** Opening INFORMATION SHOWN block **
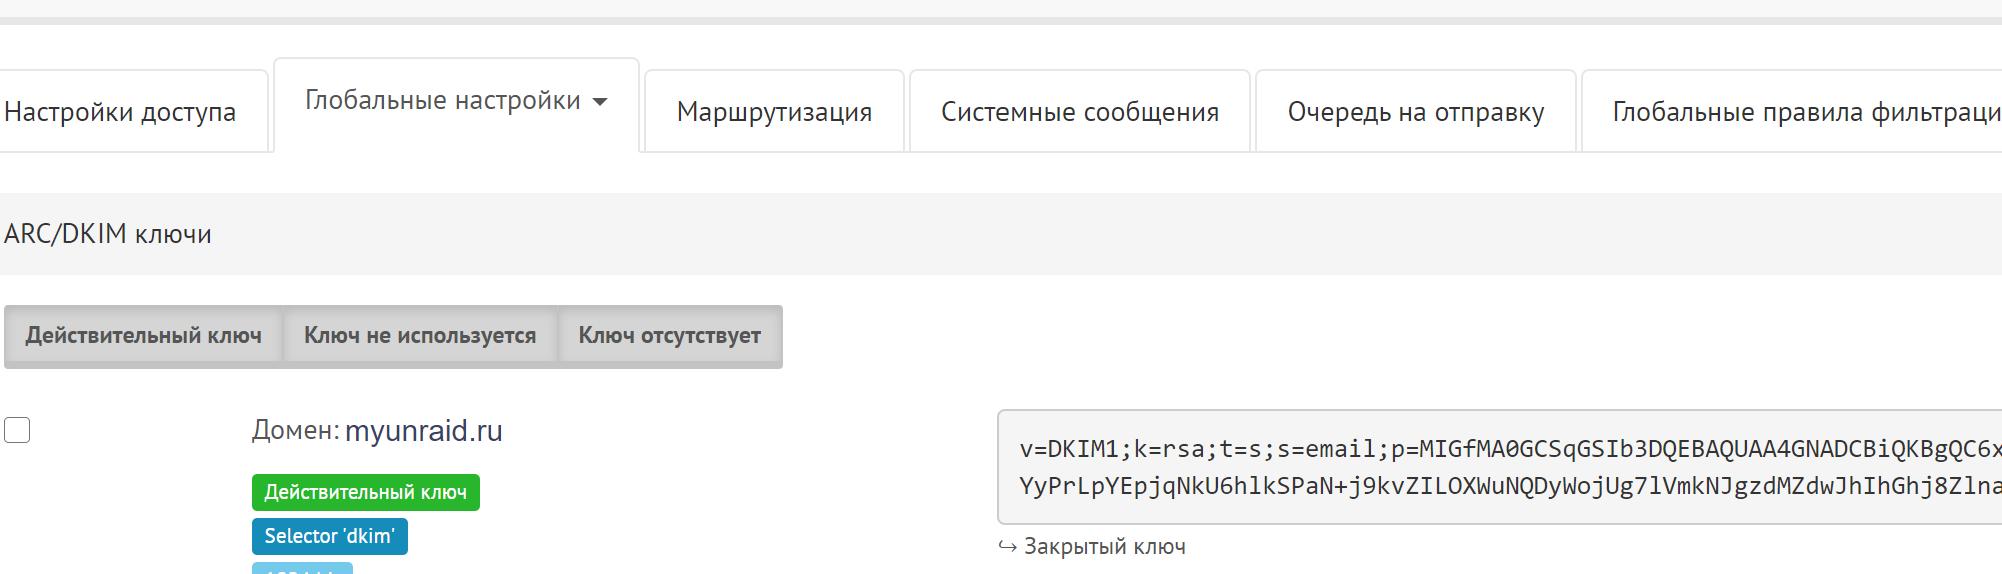 Mailcow - поднимаем свой почтовый сервер на Unraid 6.8.3 38
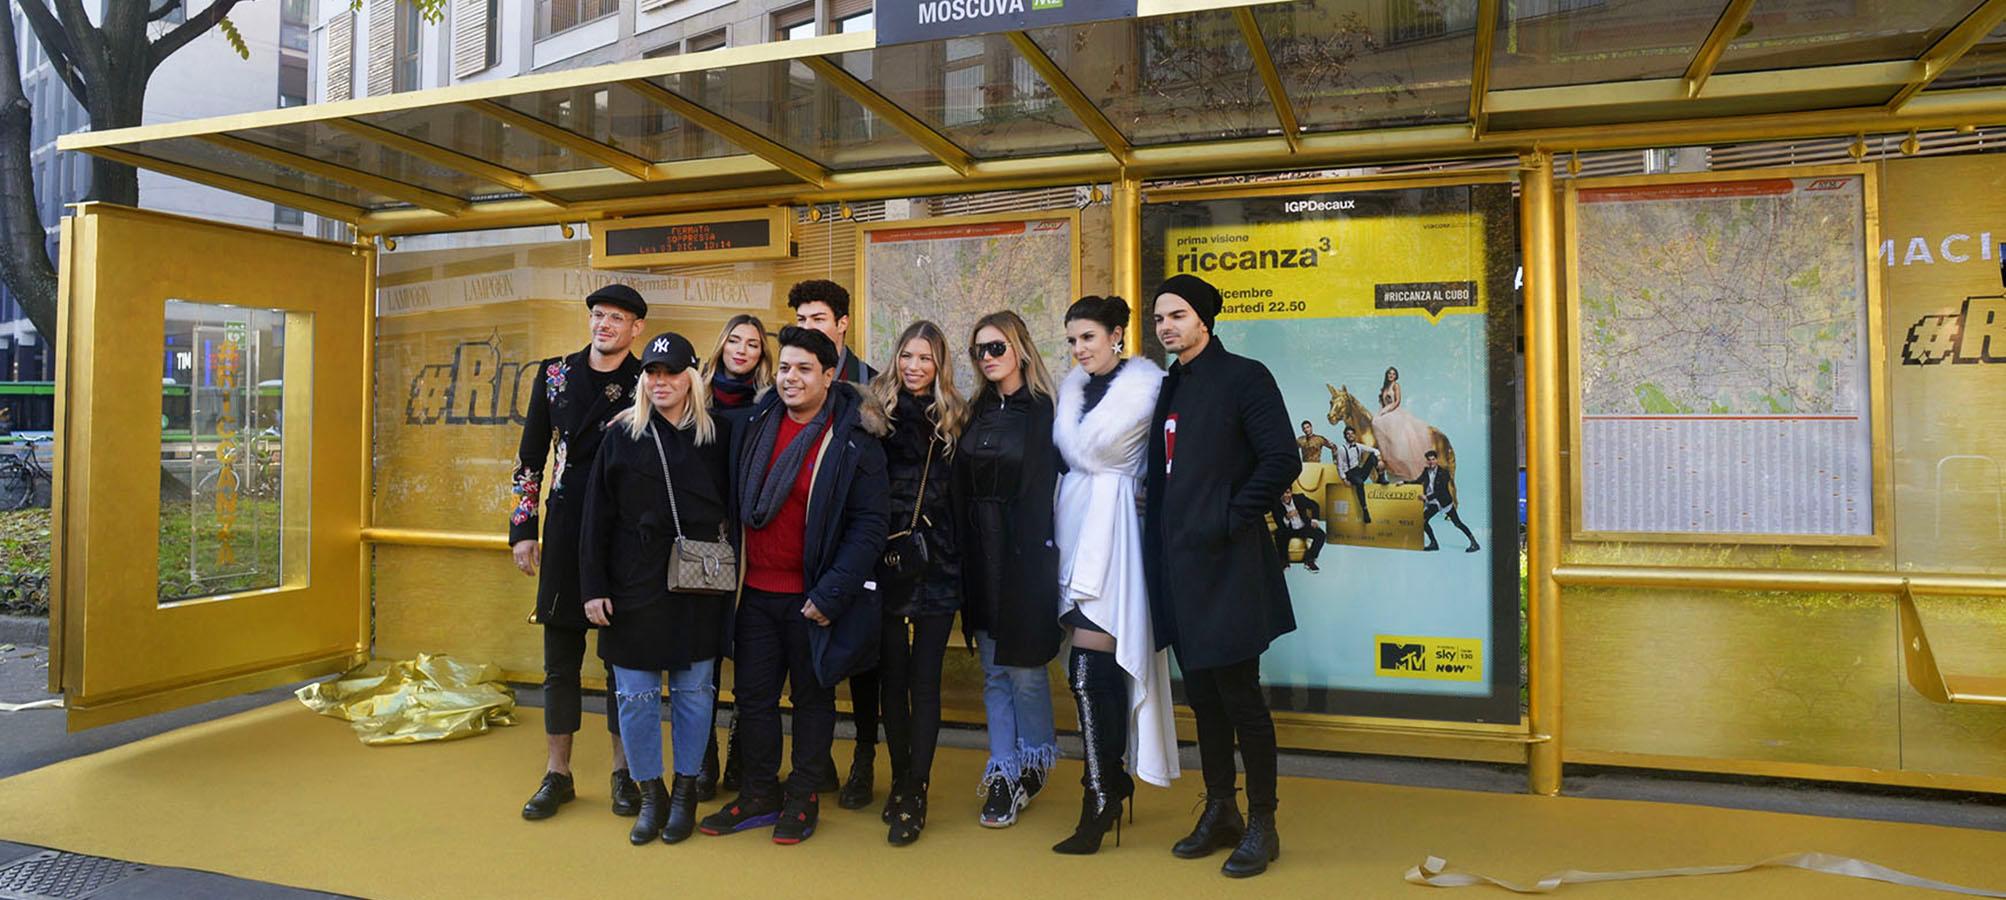 Brand pensilina a Milano per Riccanza
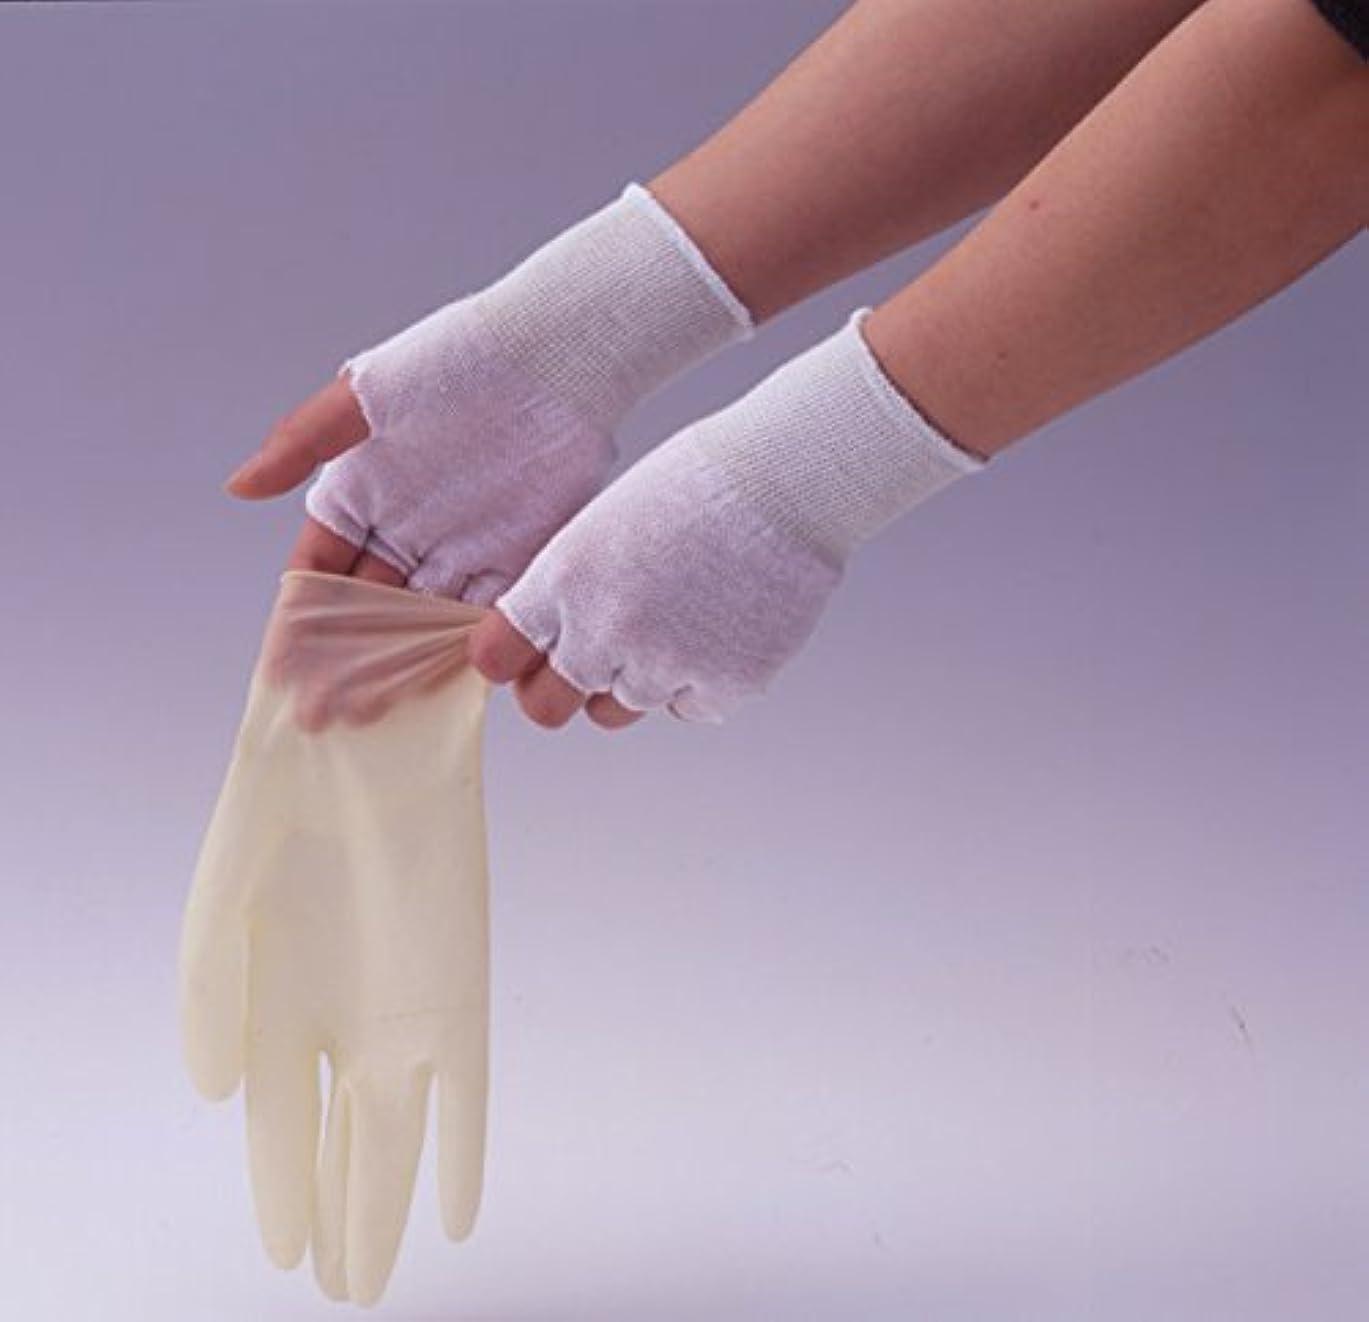 小説家ヘクタール報告書やさしインナー手袋 (綿100%指なし) 200組/カートン 激安業務用パック
** Closing INFORMATION SHOWN block **
■ ASSIGNMENT
Print the listing exactly. No pictures belong in the copy.

■ EXERCISE RESULT
 Mailcow - поднимаем свой почтовый сервер на Unraid 6.8.3 38
 Brand pensilina a Milano per Riccanza
 小説家ヘクタール報告書やさしインナー手袋 (綿100%指なし) 200組/カートン 激安業務用パック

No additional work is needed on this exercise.